:: Provided records ::
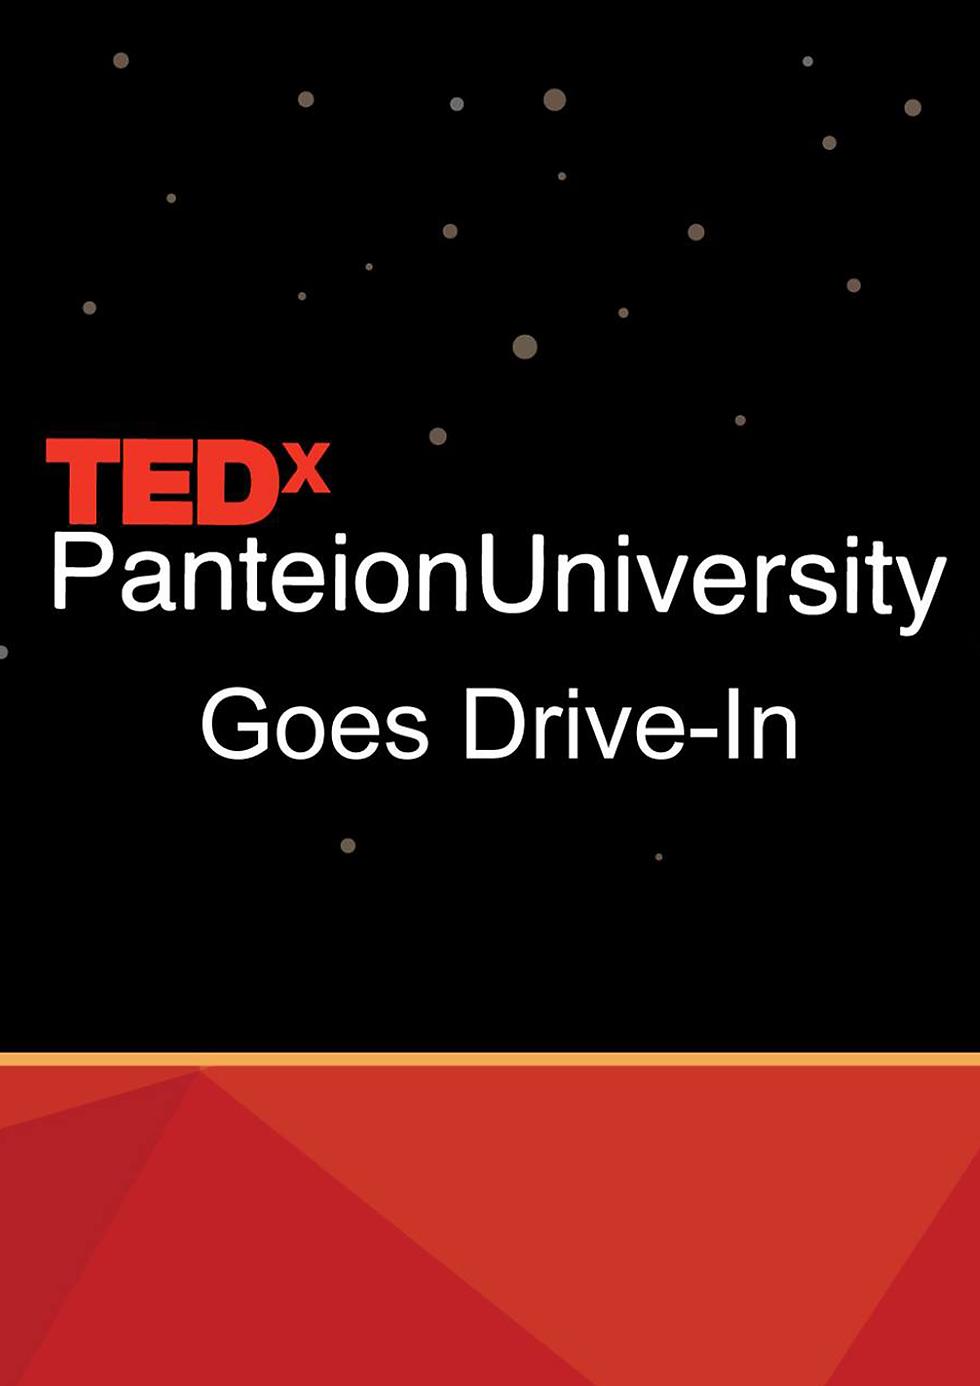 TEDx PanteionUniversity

...

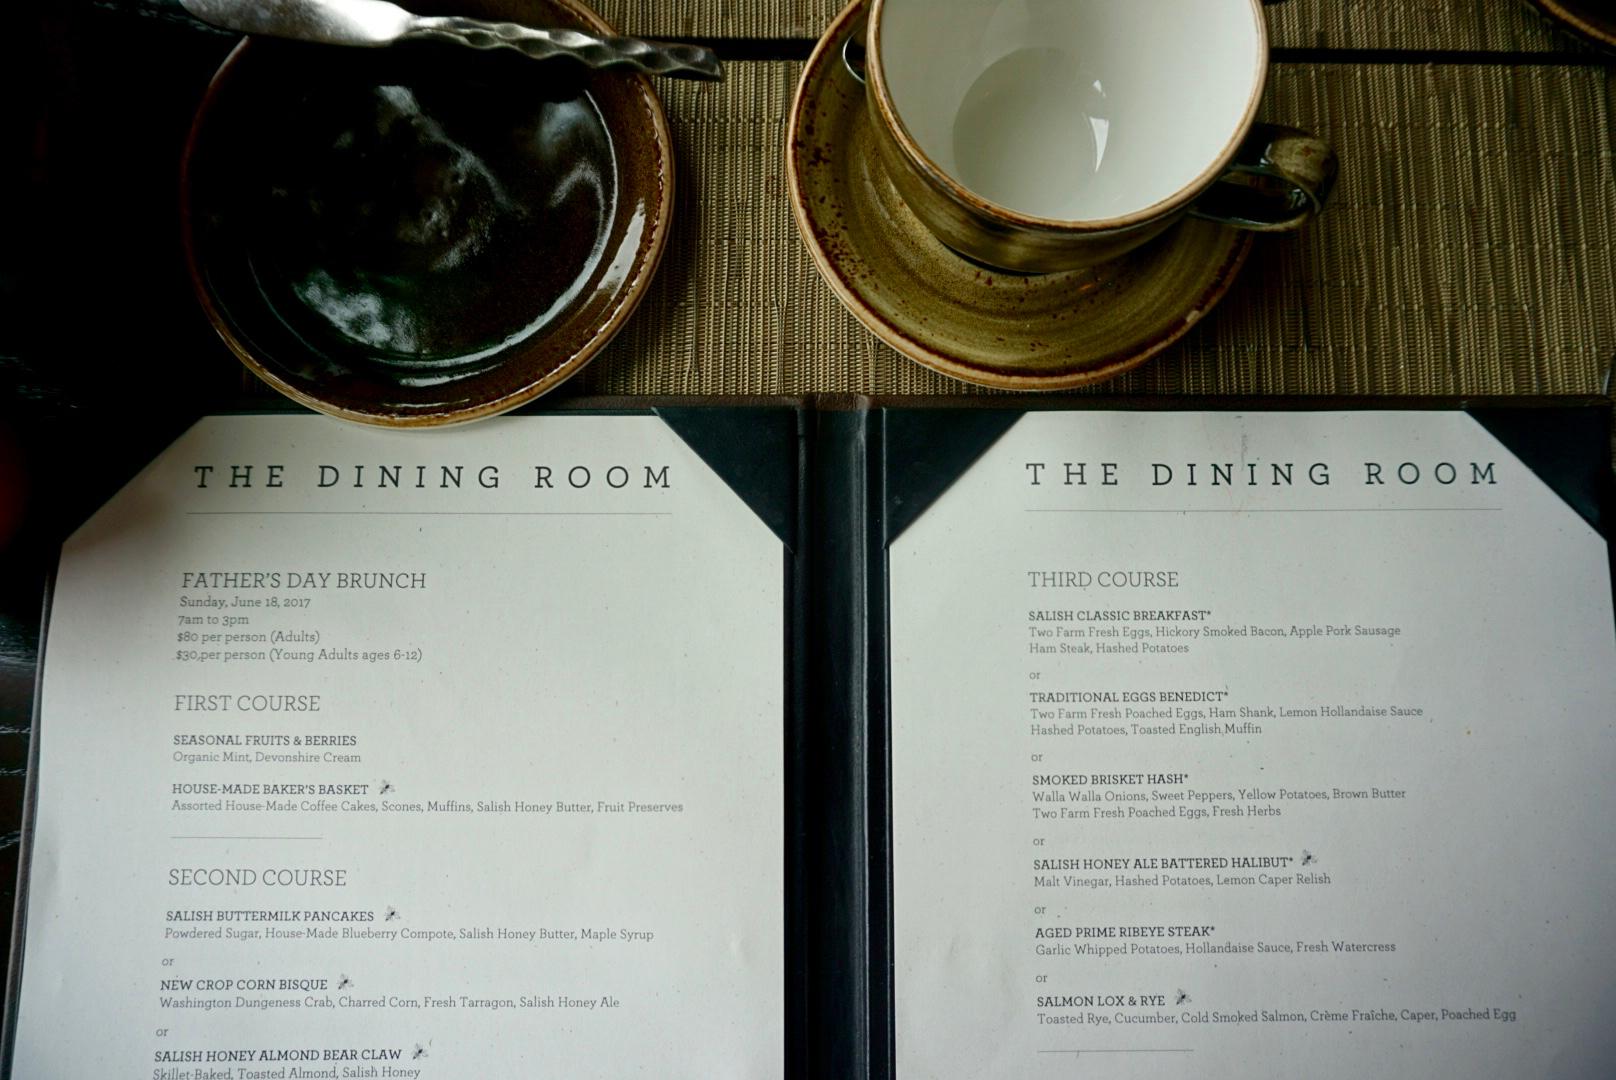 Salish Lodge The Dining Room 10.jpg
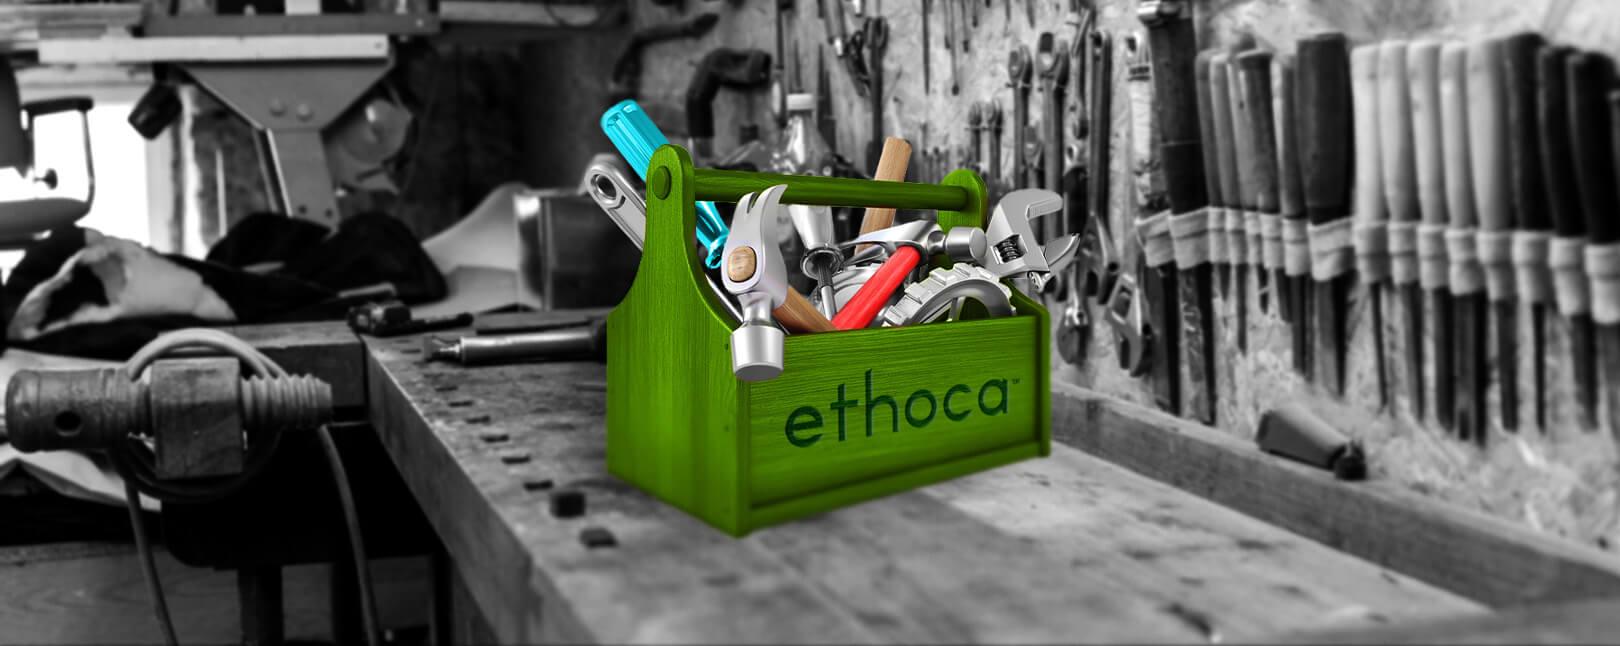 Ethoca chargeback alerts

:: What to do ::
Return the stretch of data that begins with the line showing "Salish Lodge The Dining Room 10.jpg" and goes on through the line showing "Ethoca chargeback alerts", exactly, with pictures removed.

:: Answer section ::
 Salish Lodge The Dining Room 10.jpg
 Ethoca chargeback alerts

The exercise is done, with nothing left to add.